Figure 9 shows this relationship, showing the expert workforce man-hours required for both scenarios. Scenario 2 enables accurate estimation of the number and qualification level of experts needed, directly supporting risk mitigation and improving overall execution effectiveness. From a broader perspective, this model enables project owners to plan resource allocation proactively while accounting for risk and performance factors. The proposed model contributes to sustainable industrial operations by ensuring optimal allocation of scarce expert resources, minimizing backlog accumulation, and reducing the need for reactive staffing. This strengthens long-term workforce sustainability and supports more resilient project execution environments.
In multi-project settings, the dynamic modeling technique offers a valuable and thorough framework for evaluating risks and effectiveness and enabling the proactive, data-driven distribution of expert workforce resources.
5. Conclusions
This study emphasizes the importance of risk-based expert workforce allocation for multi-project management. A dynamic model that integrates risk analysis into the allocation process was developed to adjust workforce requirements in real time. Emerging risks, including poor supervision, rework, and differences in project management effectiveness, cause expert demand to shift across concurrent or overlapping projects. By precisely predicting and modifying allocations based on detected risk variables, the suggested methodology reduces the risk of expert workforce shortages that could interfere with project delivery.

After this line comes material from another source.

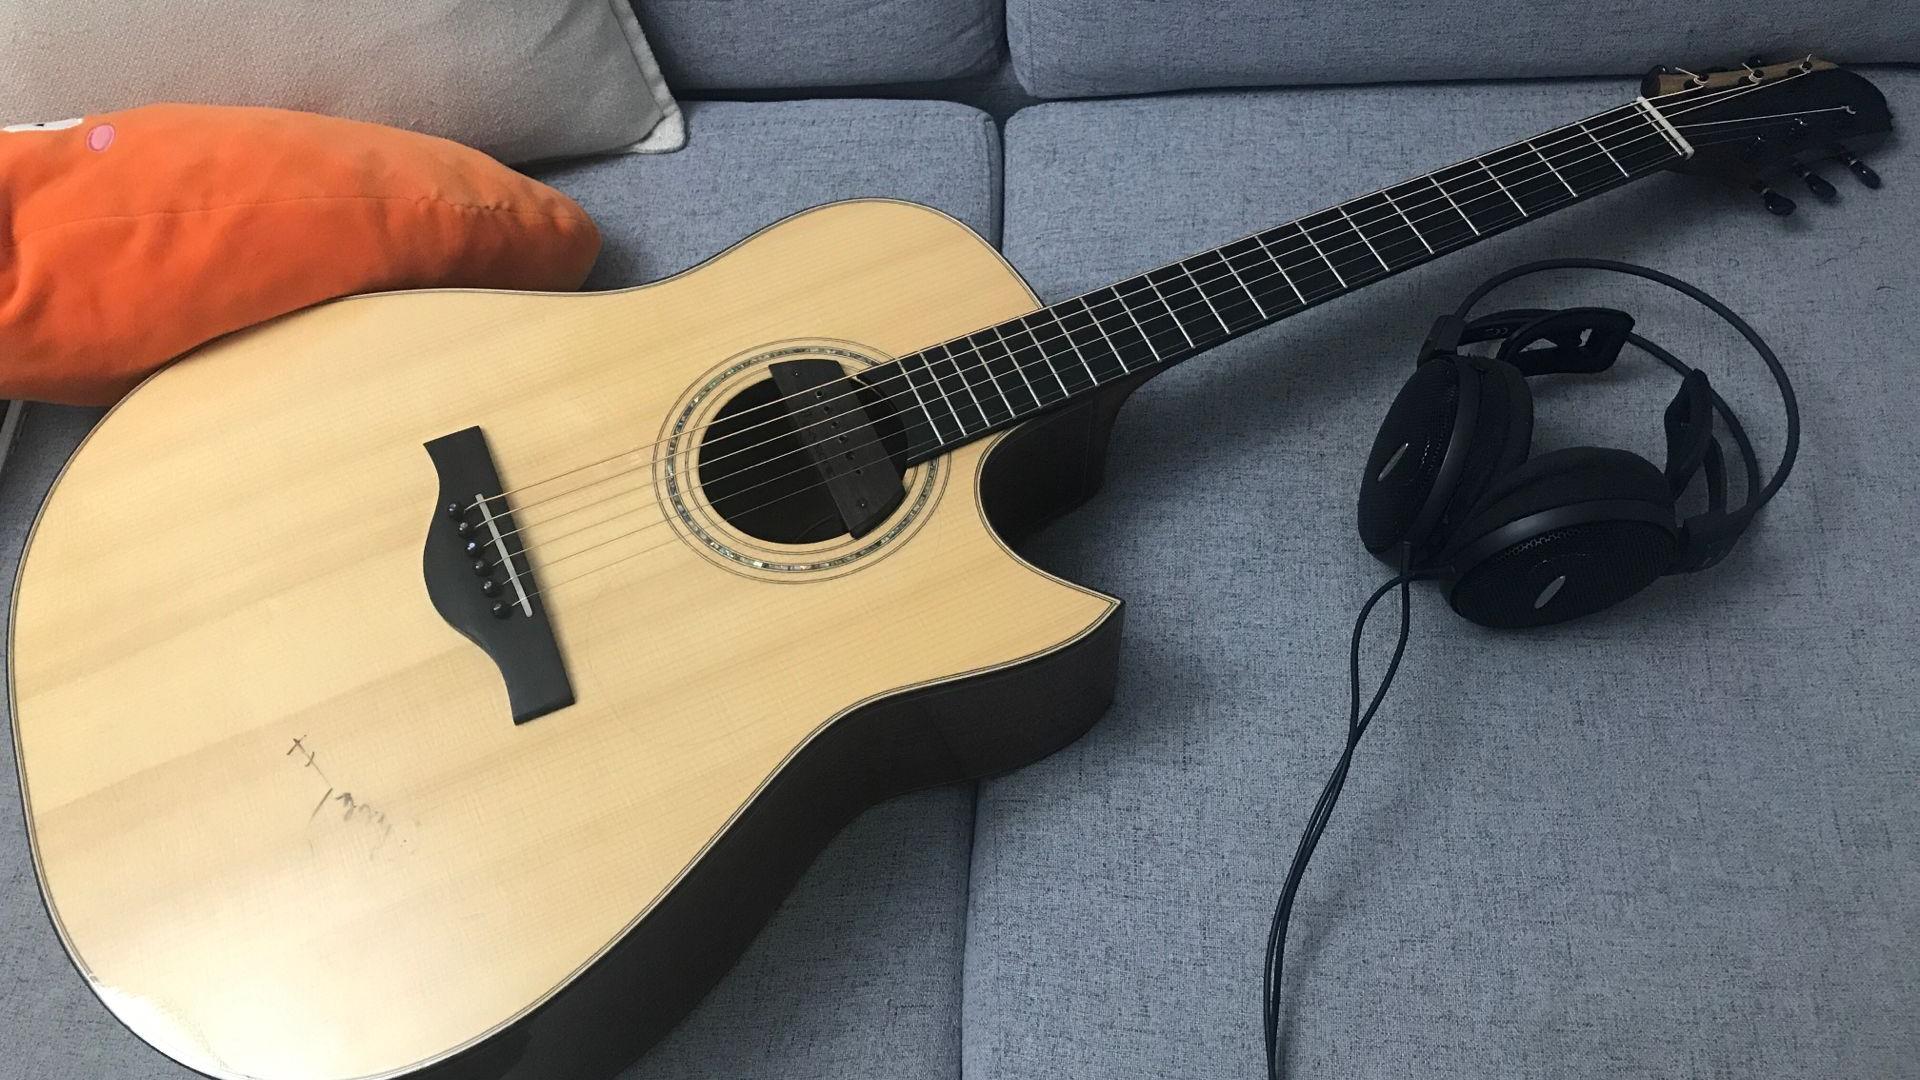 【指弹吉他】《雪落下的声音》翻弹

It also corrects the distribution of the expert workforce from the standpoint of multi-project execution effectiveness.
A system dynamics approach was employed to model expert workforce requirements across the design, procurement, and construction phases. This approach enables predicting and adjusting workforce needs in response to evolving risks and changing project conditions. In multi-project environments—where concurrent execution is common—timely and accurate workforce planning remains a significant challenge. Critical risk factors, such as supervision quality, design changes, and external influences, substantially affect workforce demand. The model was validated using real project data, demonstrating that a risk-based allocation strategy can minimize delays and enhance overall execution efficiency.

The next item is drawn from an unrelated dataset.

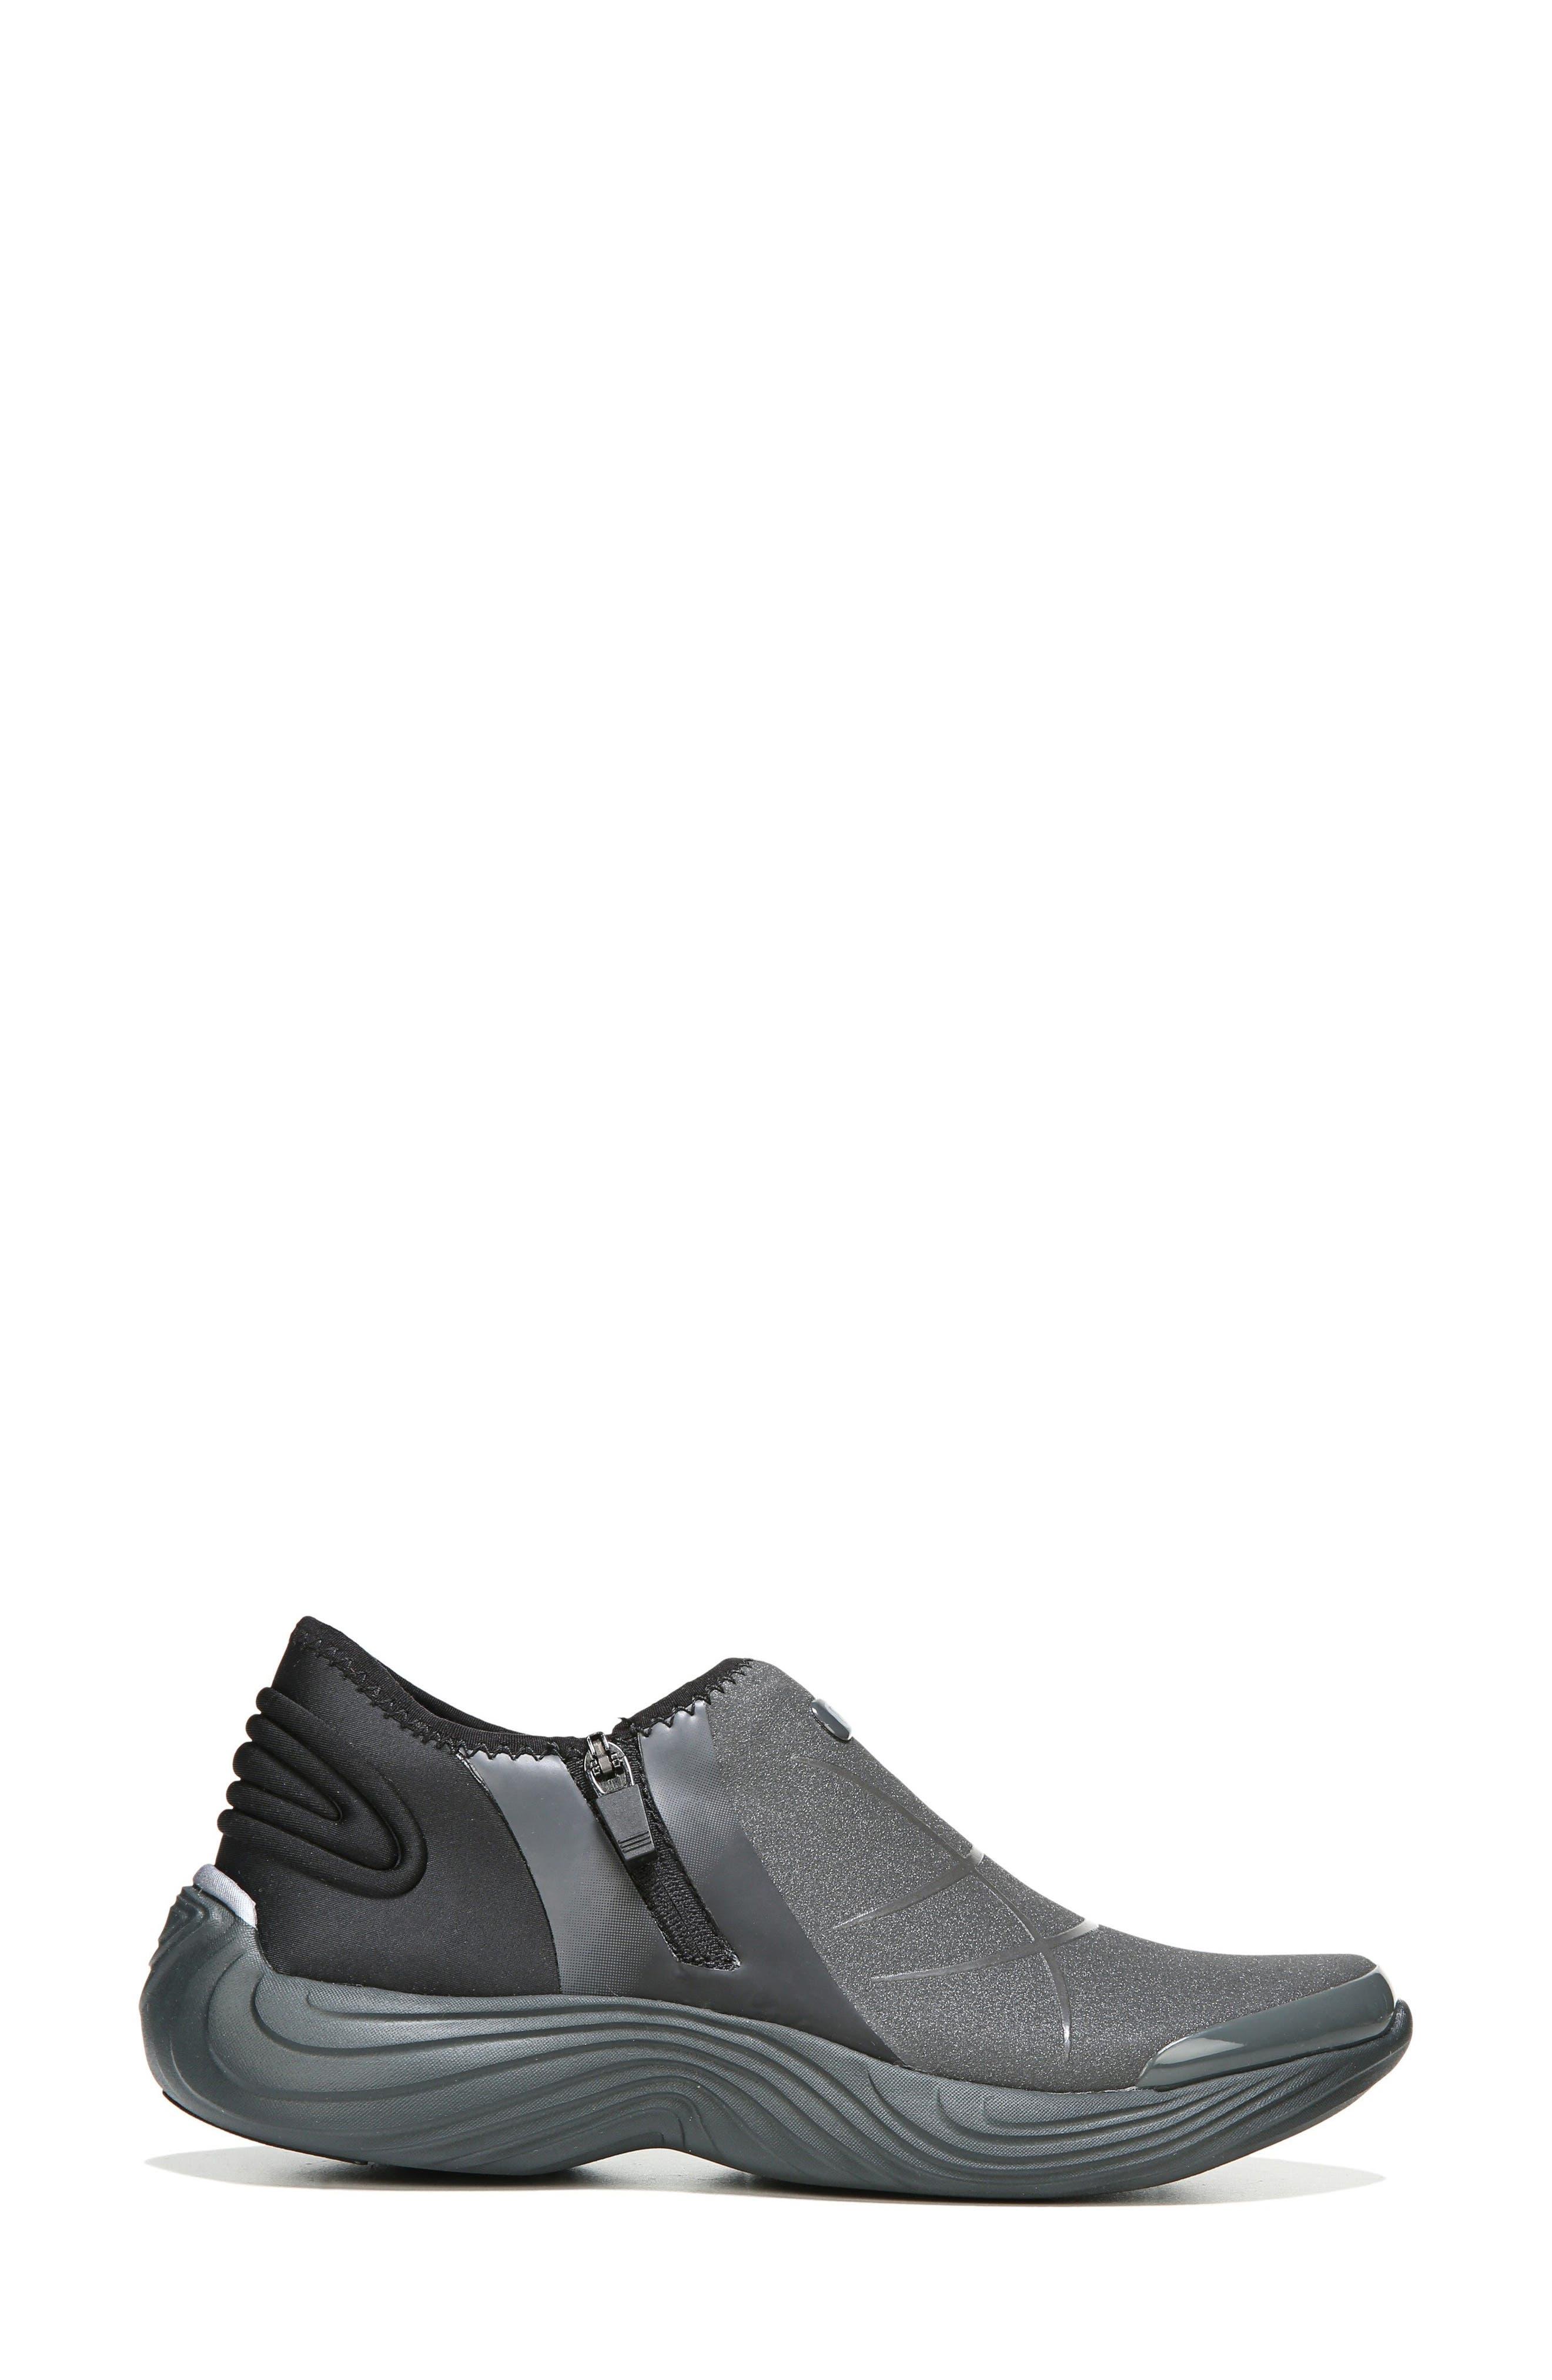 Trilogy Slip-On Sneaker,                             Alternate thumbnail 6, color,

This study further highlights the significance of standardized management techniques in multi-project settings, including transparency of information, availability of resources, and project managers' proficiency. The suggested approach anticipates future expert workforce shortages and dynamically adjusts allocations in response to new risks that arise during implementation. Real-world data validation confirmed that workforce planning that accounts for risk variables greatly enhances project outcomes. Therefore, by providing a systematic framework to reduce risks and improve execution effectiveness in multi-project, cross-industry situations, this study adds real value to construction activities in the industrial sector.
Although this research focuses primarily on industrial facility construction, particularly new or greenfield projects, its applicability extends beyond these contexts. The model can be adapted to brownfield projects by incorporating more complex risk factors and varying levels of implementation effectiveness influenced by site-specific conditions, regional dynamics, project types, and ownership structures. Future research should further examine the allocation of the skilled workforce in scenarios in which project owners contract directly with implementing contractors. In industrial construction projects, synergy between experts and skilled workers is critical to achieving efficient, effective task execution. These two workforce groups play complementary roles in maintaining quality and meeting project timelines. Therefore, applying risk-based workforce allocation models for both expert and skilled workforces is essential for achieving optimal project outcomes.